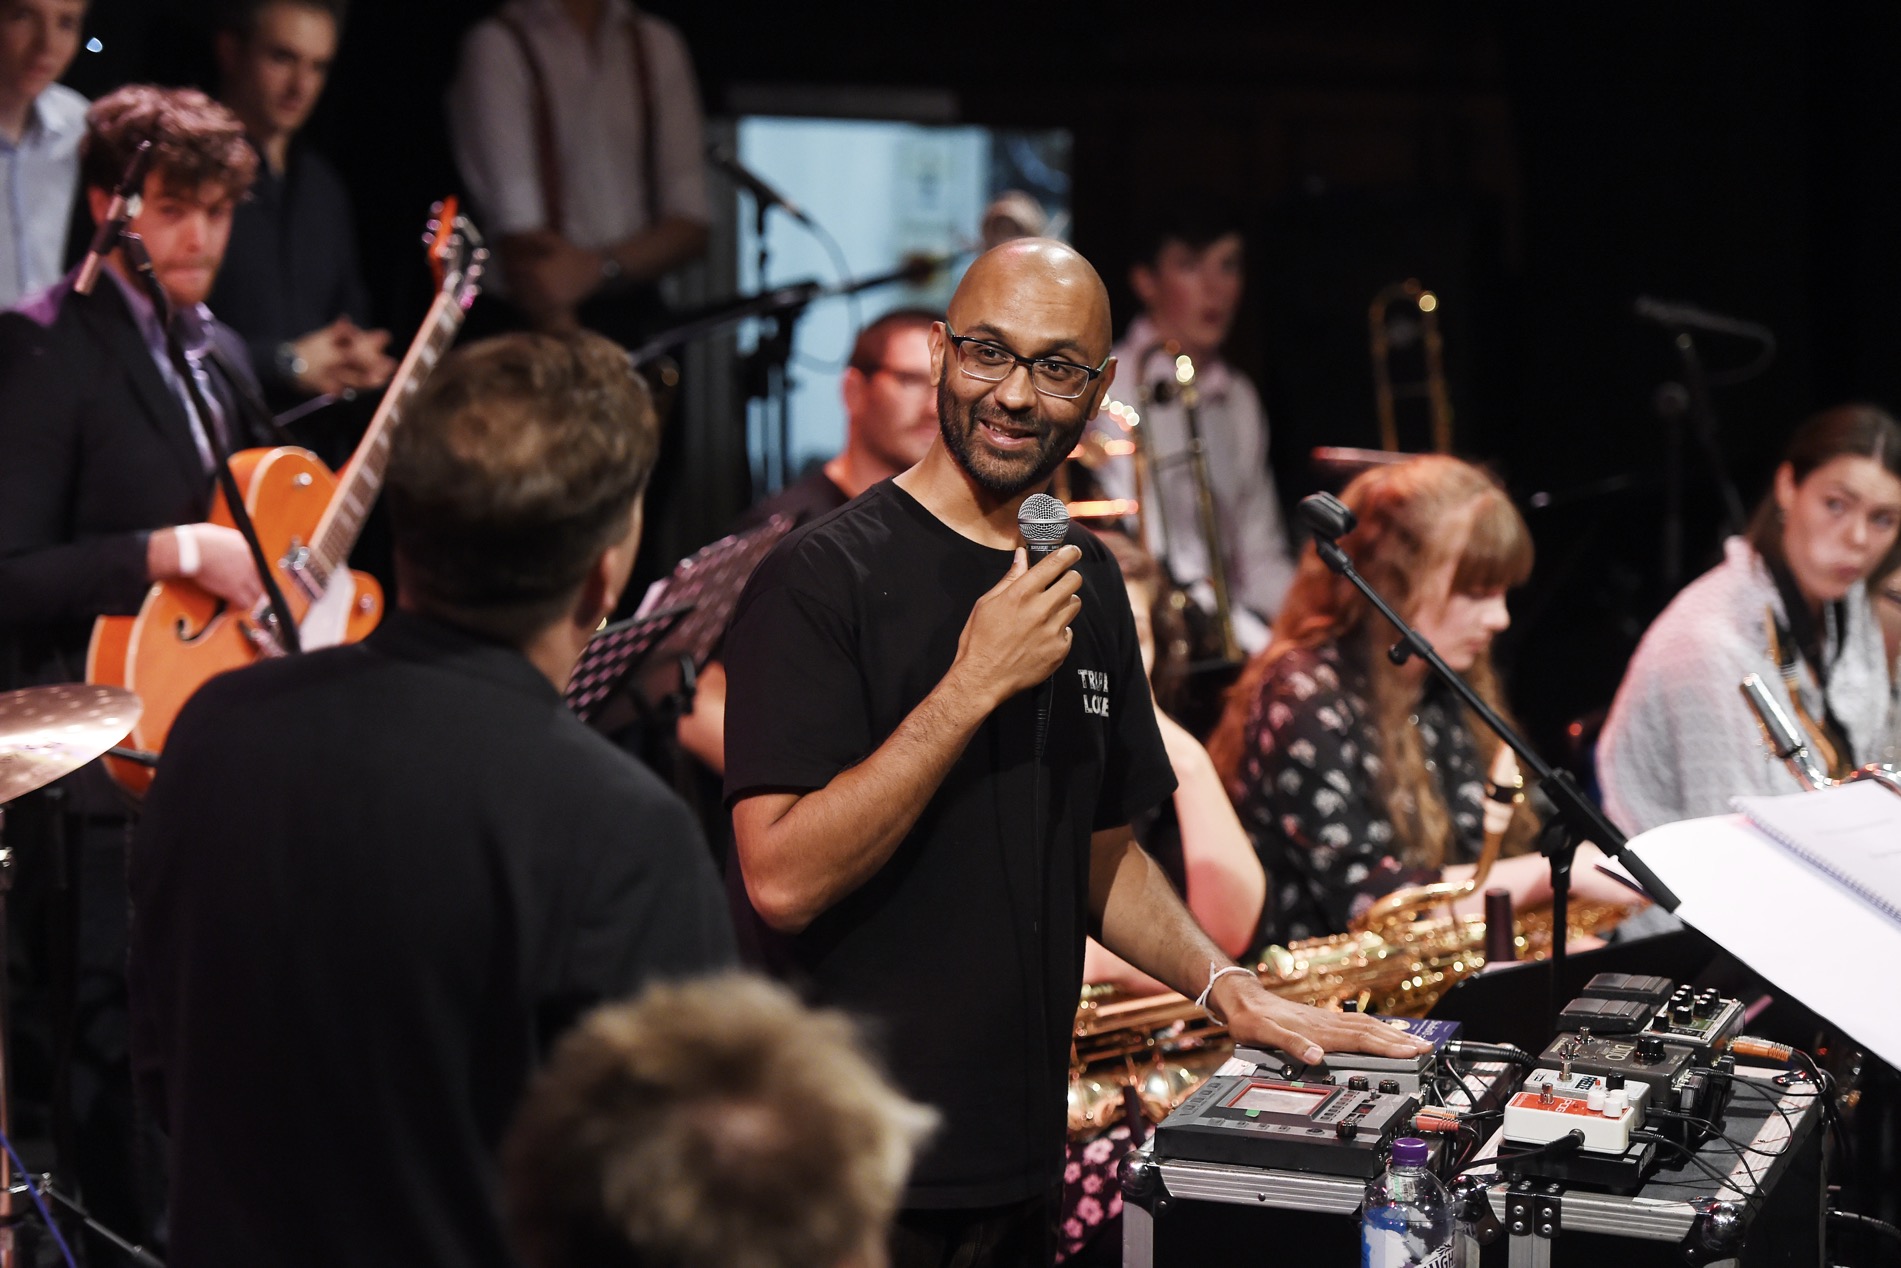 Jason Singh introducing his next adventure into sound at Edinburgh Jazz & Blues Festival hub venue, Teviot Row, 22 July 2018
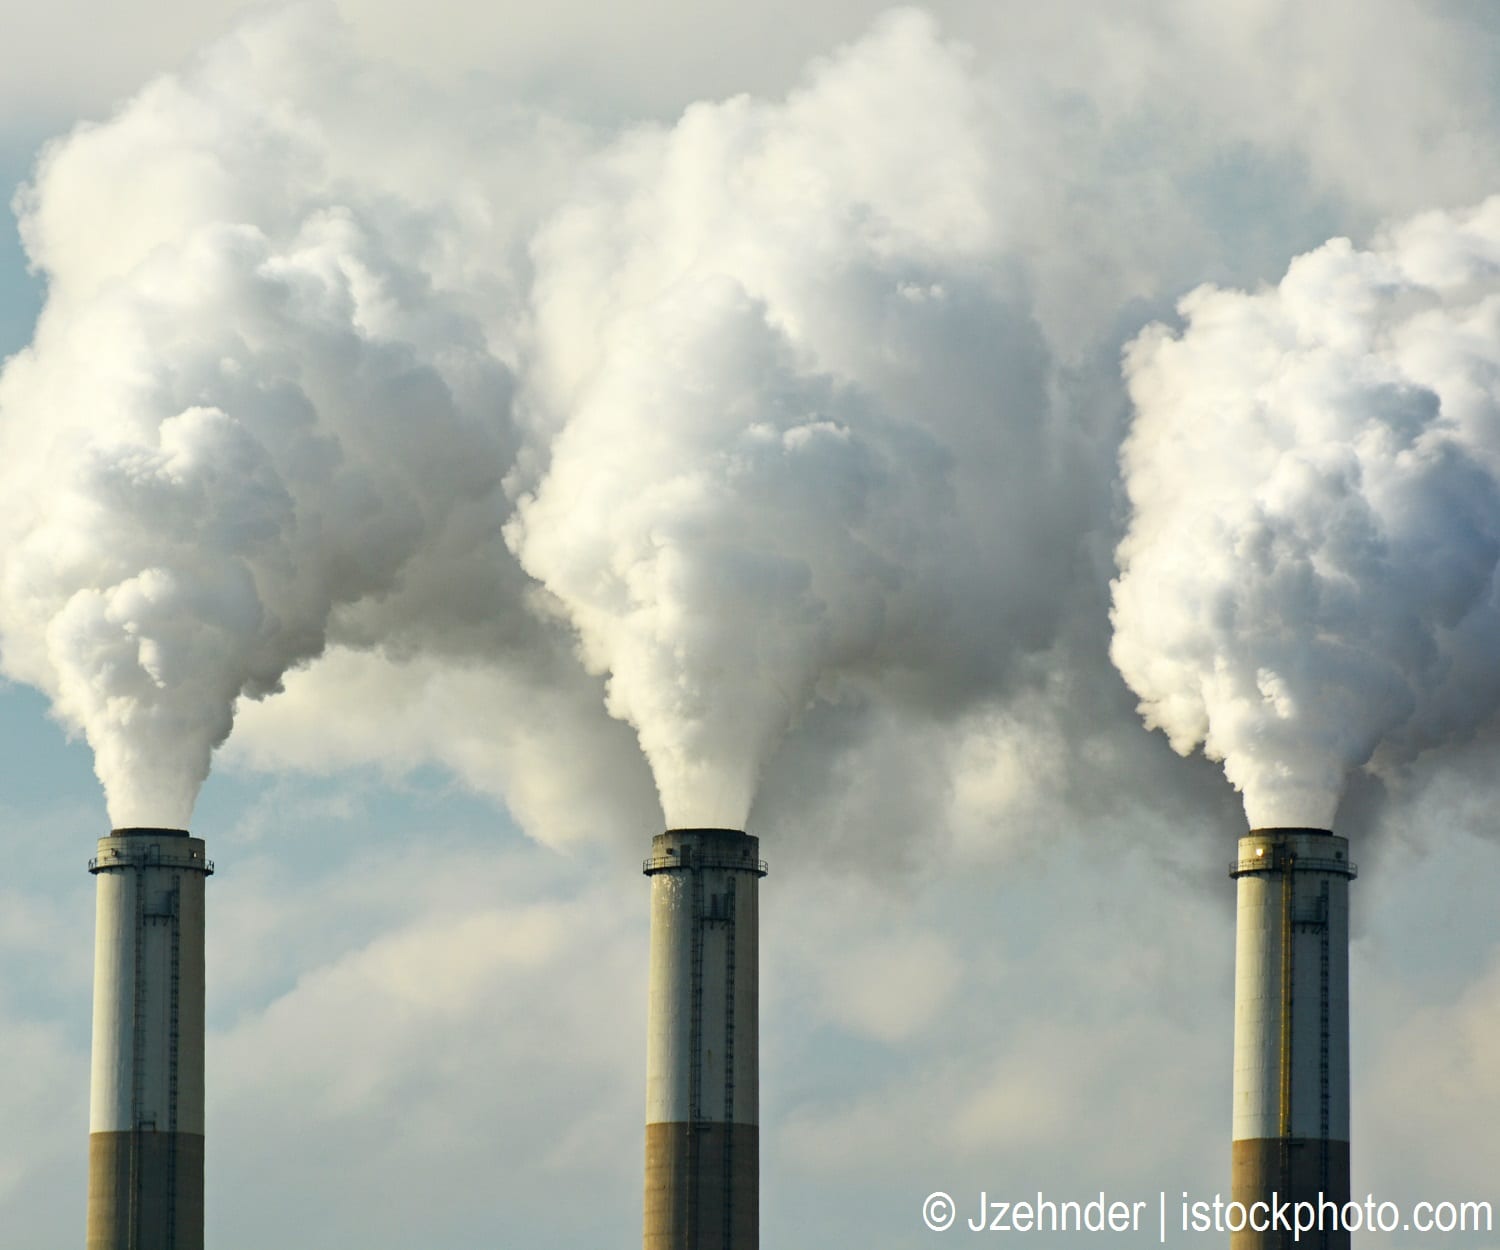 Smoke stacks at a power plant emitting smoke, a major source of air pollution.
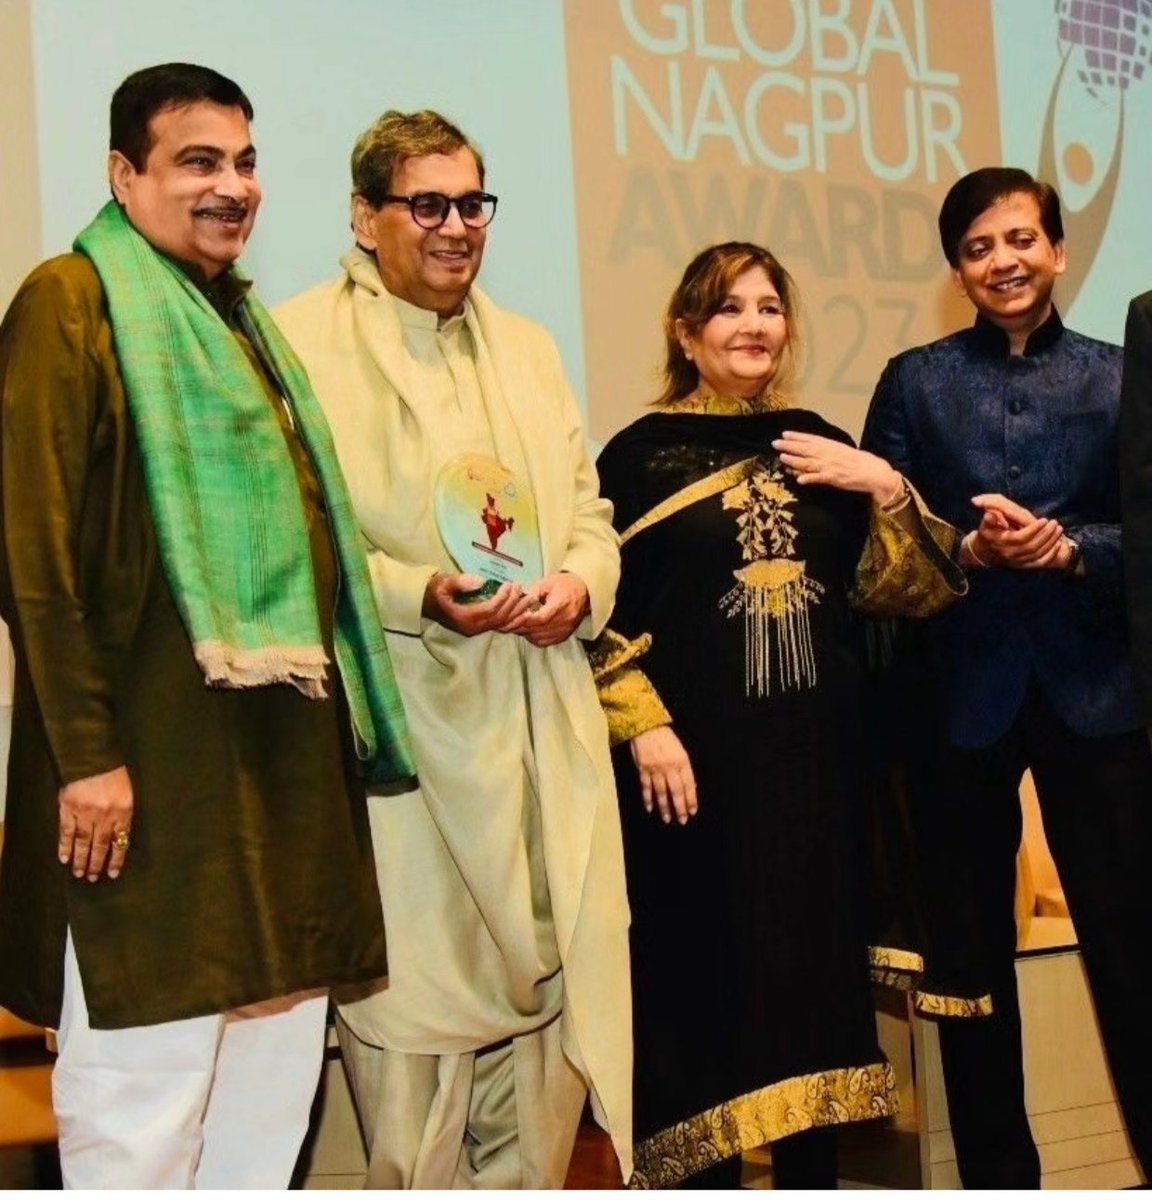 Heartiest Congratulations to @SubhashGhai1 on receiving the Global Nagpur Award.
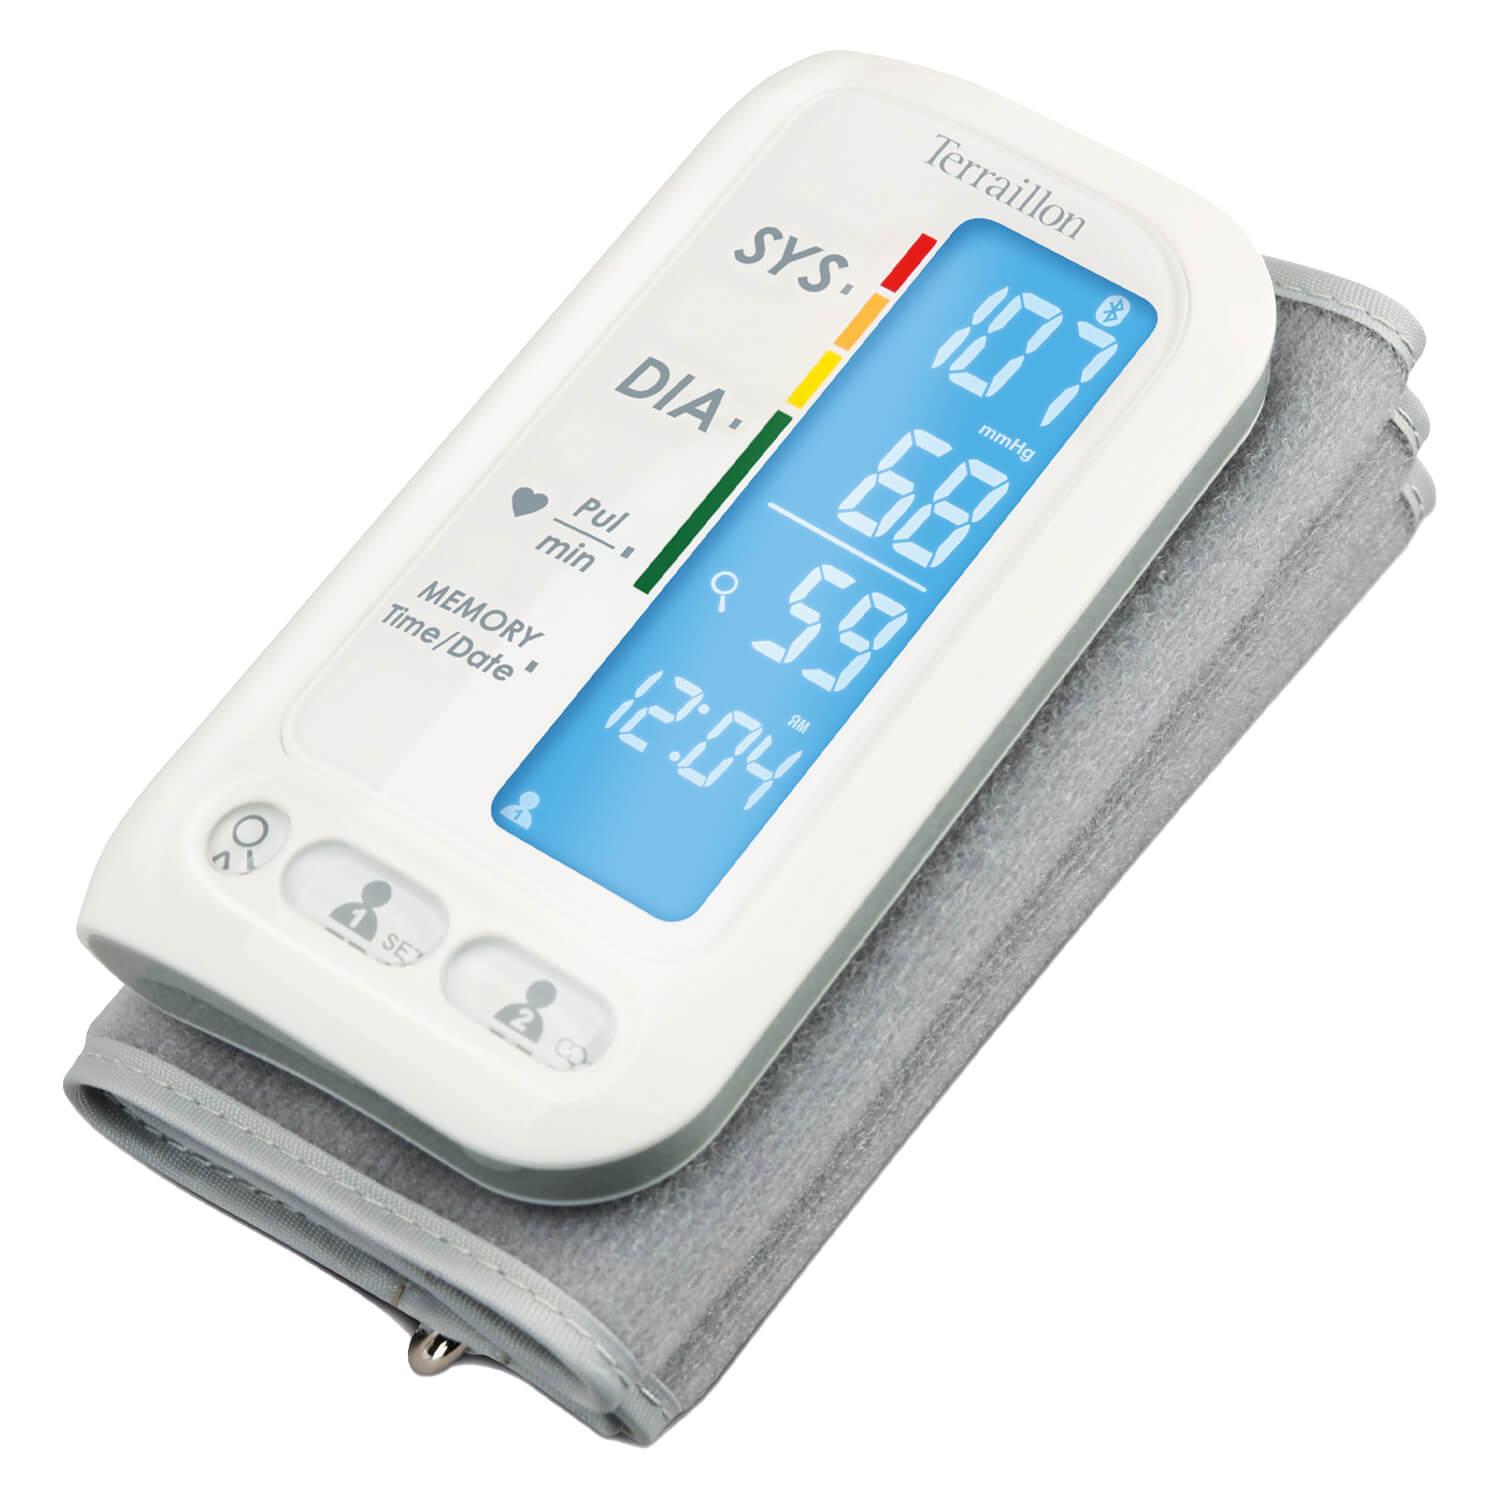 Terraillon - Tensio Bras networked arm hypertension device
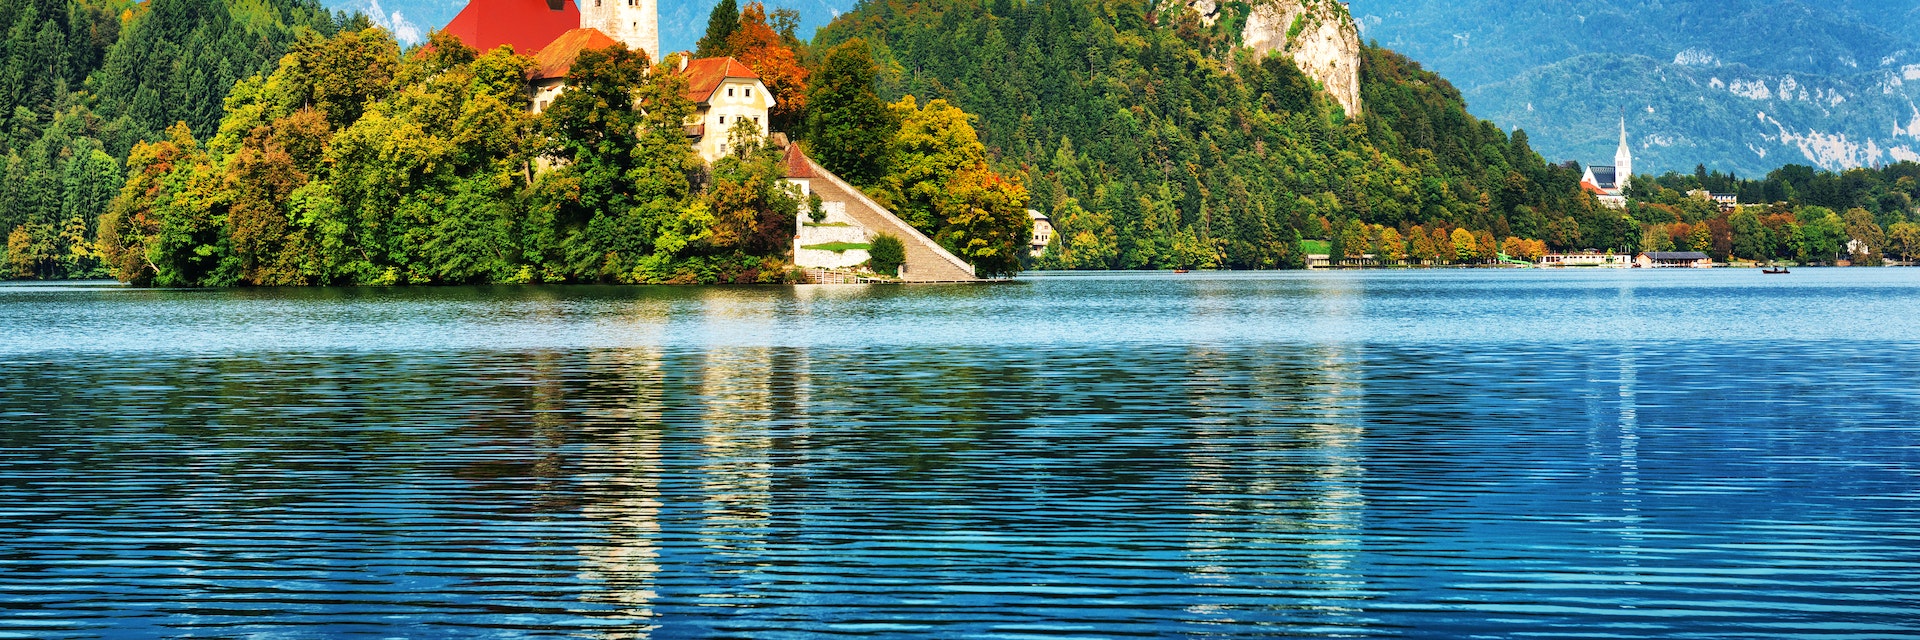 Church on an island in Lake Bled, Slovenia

◆ ◆ ◆

With the pictures omitted, the material is to be transcribed exactly.

* _ANSWER TO THE EXERCISE_:
 Jason Singh introducing his next adventure into sound at Edinburgh Jazz & Blues Festival hub venue, Teviot Row, 22 July 2018
 Smoke stacks at a power plant emitting smoke, a major source of air pollution.
 Heartiest Congratulations to @SubhashGhai1 on receiving the Global Nagpur Award.
 Terraillon - Tensio Bras networked arm hypertension device
 Church on an island in Lake Bled, Slovenia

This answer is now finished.